Differential regulation of manganese peroxidases and characterization of two variable MnP encoding genes in the white-rot fungus Physisporinus rivulosus.

Manganese peroxidase (MnP) production in the white-rot basidiomycete Physisporinus rivulosus T241i was studied. Separate MnP isoforms were produced in carbon-limited liquid media supplemented with Mn(2+), veratryl alcohol, or sawdust. The isoforms had different pH ranges for the oxidation of Mn(2+) and 2,6-dimethoxyphenol. Although lignin degradation by white-rot fungi is often triggered by nitrogen depletion, MnPs of P. rivulosus were efficiently produced also in the presence of high-nutrient nitrogen, especially in cultures supplemented with veratryl alcohol. Two MnP encoding genes, mnpA and mnpB, were identified, and their corresponding cDNAs were characterized. Structurally, the genes showed marked dissimilarity, and the expression of the two genes implicated quantitative variation and differential regulation in response to manganese, veratryl alcohol, or sawdust. The variability in regulation and properties of the isoforms may widen the operating range for efficient lignin degradation by P. rivulosus.

The two manganese peroxidases Pr-MnP2 and Pr-MnP3 of Phlebia radiata, a lignin-degrading basidiomycete, are phylogenetically and structurally divergent.

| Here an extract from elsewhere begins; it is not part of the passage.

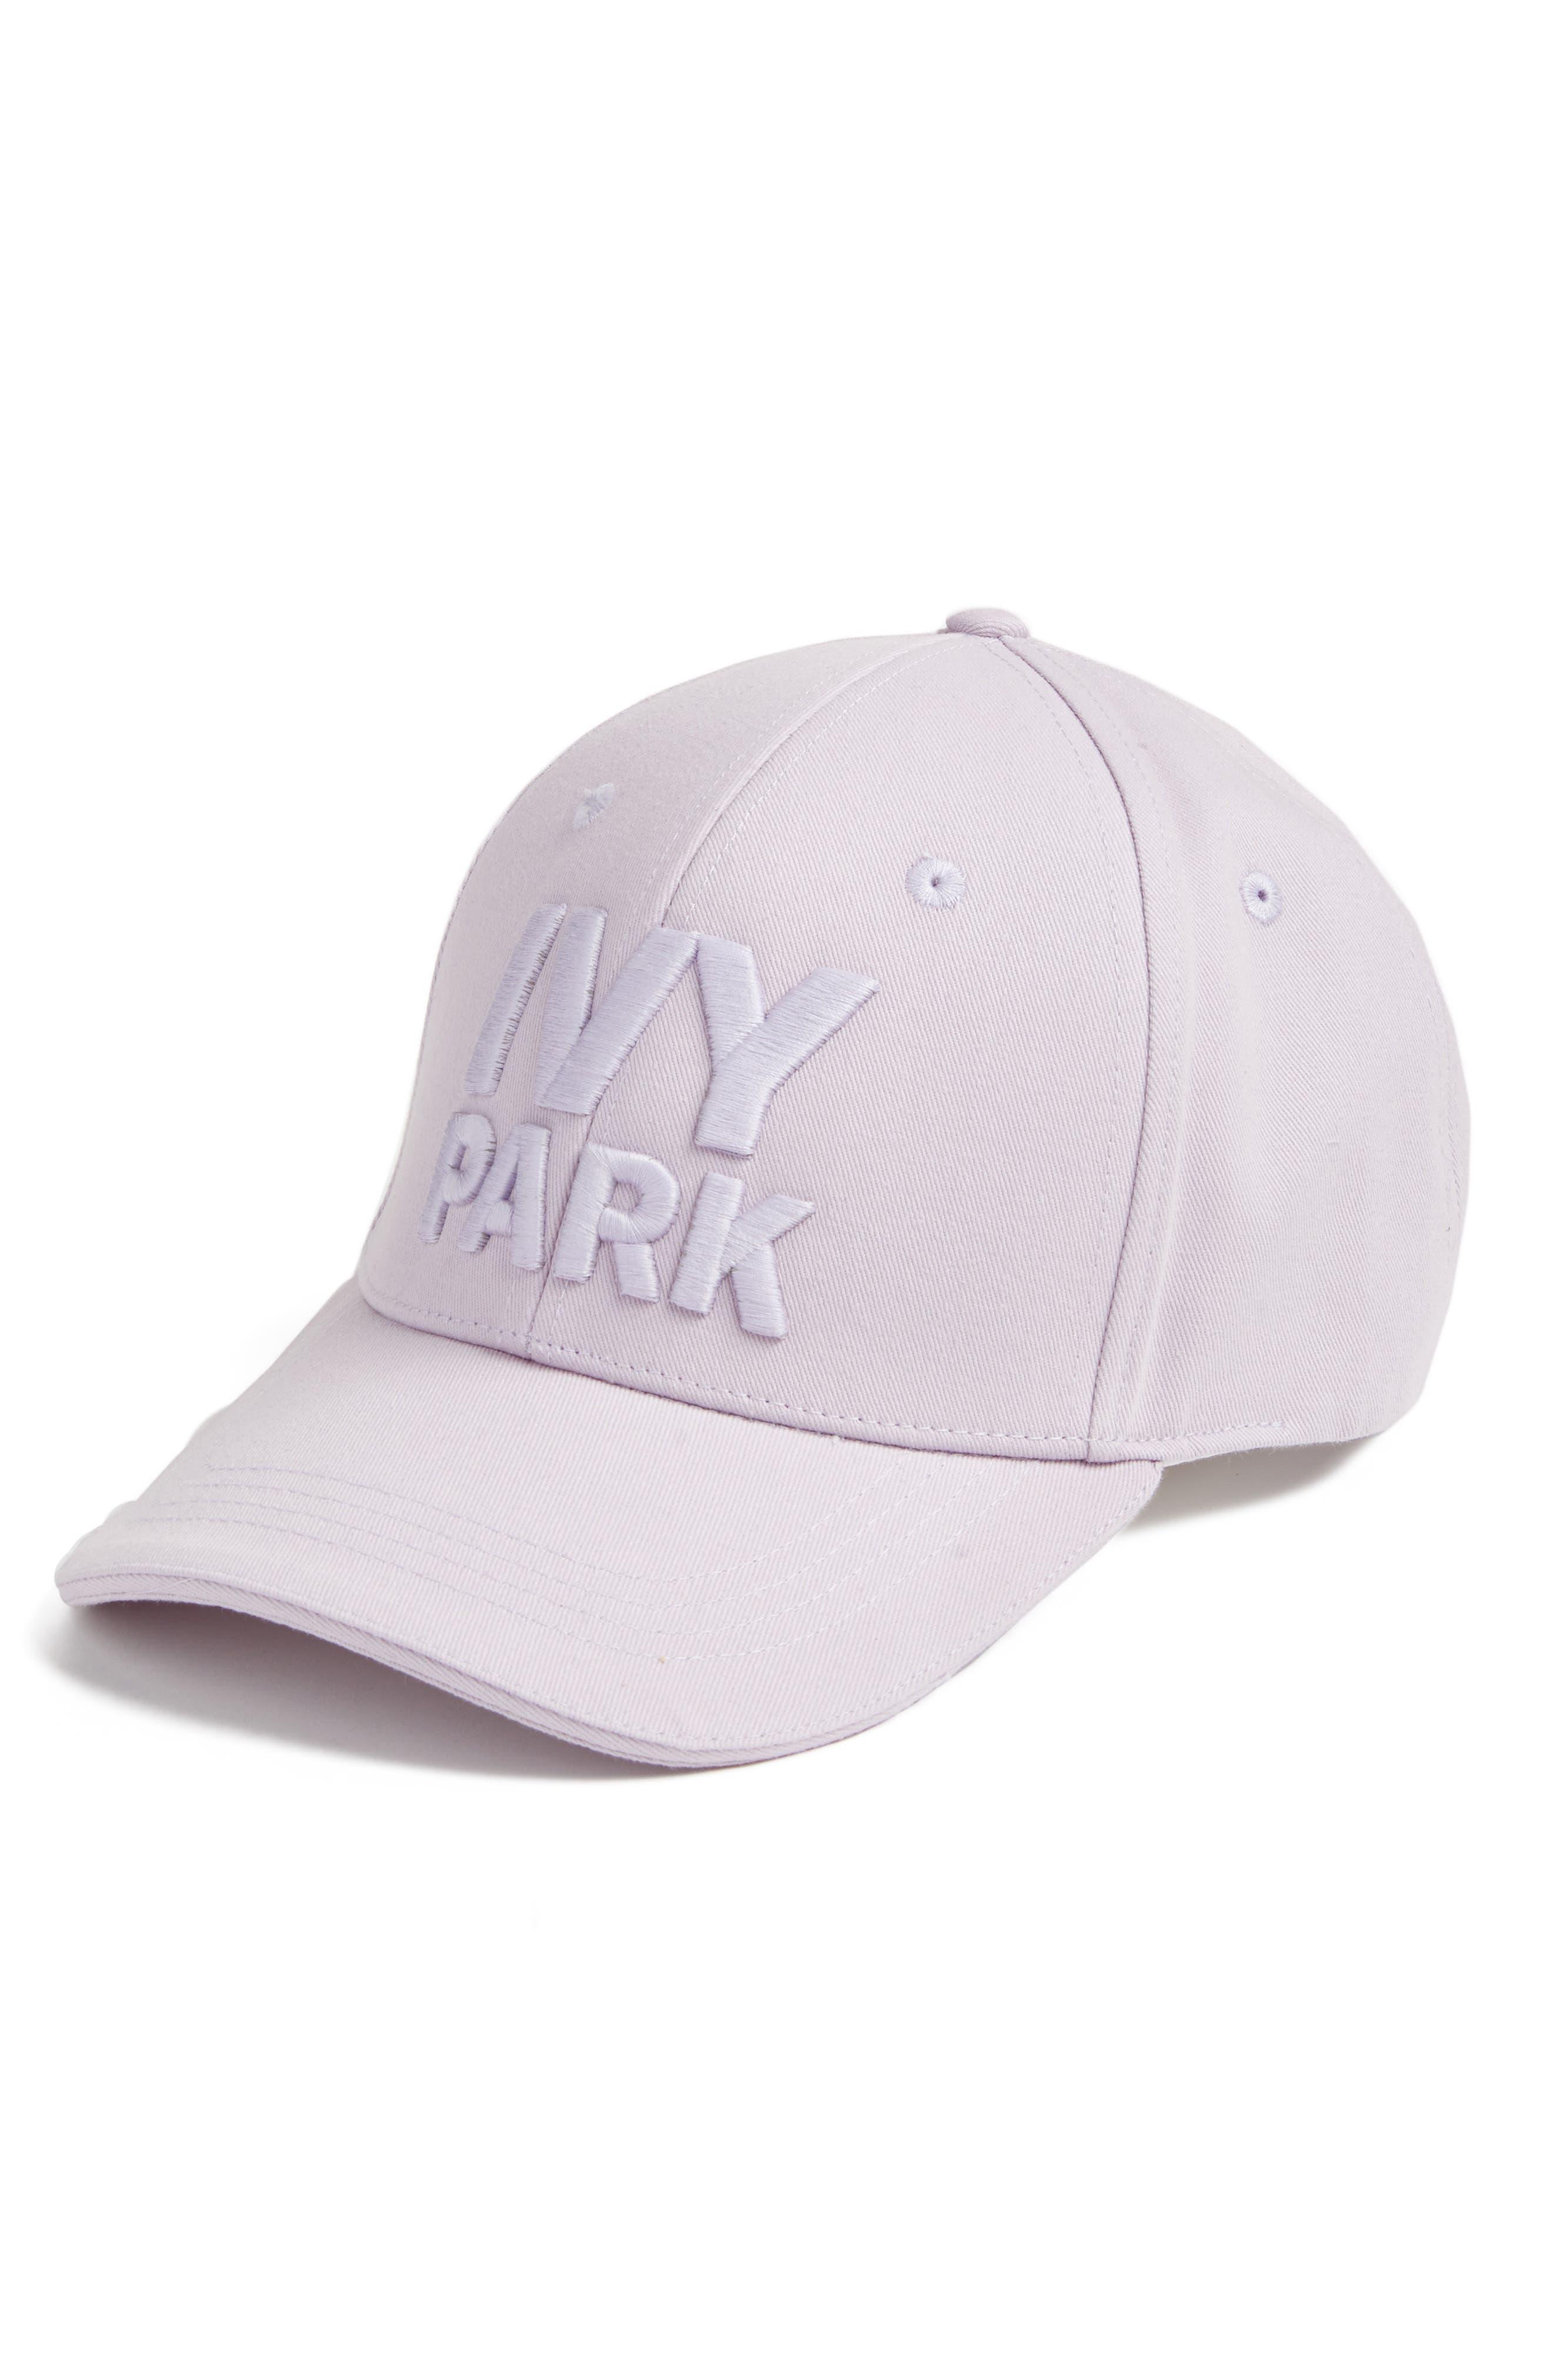 IVY PARK Tonal Logo Baseball Cap

Two new, at primary sequence and protein structure levels different, manganese peroxidase encoding genes from the white rot basidiomycete Phlebia radiata are described. Both genes are expressed in liquid cultures of P. radiata containing milled alder wood or glucose as carbon source, and high Mn(2+) concentration. The gene Pr-mnp2 contains 7 introns and codes for a 390 amino-acid polypeptide, whereas Pr-mnp3 presents 11 introns and codes for a 362 amino-acid protein. The 3-D molecular models confirm this diversity; the predicted Pr-MnP2 with a long C-terminal extension has the highest structural similarity with the crystal structure of Phanerochaete chrysosporium MnP1, whereas the shorter Pr-MnP3 protein is structurally more related to lignin peroxidases (P. chrysosporium LiPH8/H2). In Pr-MnP3, however, an alanine replaces the exposed tryptophan present in LiP and versatile peroxidases, and both Pr-MnPs include the conserved Mn(2+)-binding amino-acid ligands. This is the first occasion when two enzymes of similar function and origin fall into phylogenetically distinct subfamilies within the expanding dendrogram of the class II fungal secretory heme peroxidases.

Manganese peroxidase of Agaricus bisporus: grain bran-promoted production and gene characterization.

The main manganese peroxidase (MnP) isoenzyme of Agaricus bisporus ATCC 62459 produced in lignocellulose-containing cultures was isolated, cloned and sequenced. In liquid medium, where MnP was previously detected only in trace amounts, the production of MnP was enhanced by rye and wheat bran supplements. The pI (3.25) and N-terminal amino acid sequence (25 aa) of the enzyme from bran-containing cultures were identical to those reported from compost-isolated MnP1. MnP1 is a 328-aa long polypeptide preceded by a 26-aa leader peptide. The nucleotide sequence and putative amino acid sequence of MnP1 reveal its similarity to Pleurotus ostreatus MnP3 (62.5%), Lepista irina versatile peroxidase (VP) (61.8%) and Pleurotus eryngii VPs VPL2 and VPL1 (61.9% and 61.2%, respectively). The intron-exon structure resembles that of P. ostreatus MnP1 and P. eryngii VPL1. Despite the sequence similarity to VPs, in the A. bisporus MnP1 sequence, alanine (A163) is present instead of tryptophane (W164), distinguishing it from the veratryl alcohol oxidising P. eryngii VPLs. The MnP sequence can be used as a tool to examine the pattern of ligninolytic gene expression during the growth and fruiting of A. bisporus to optimise compost composition, fungal growth and mushroom production.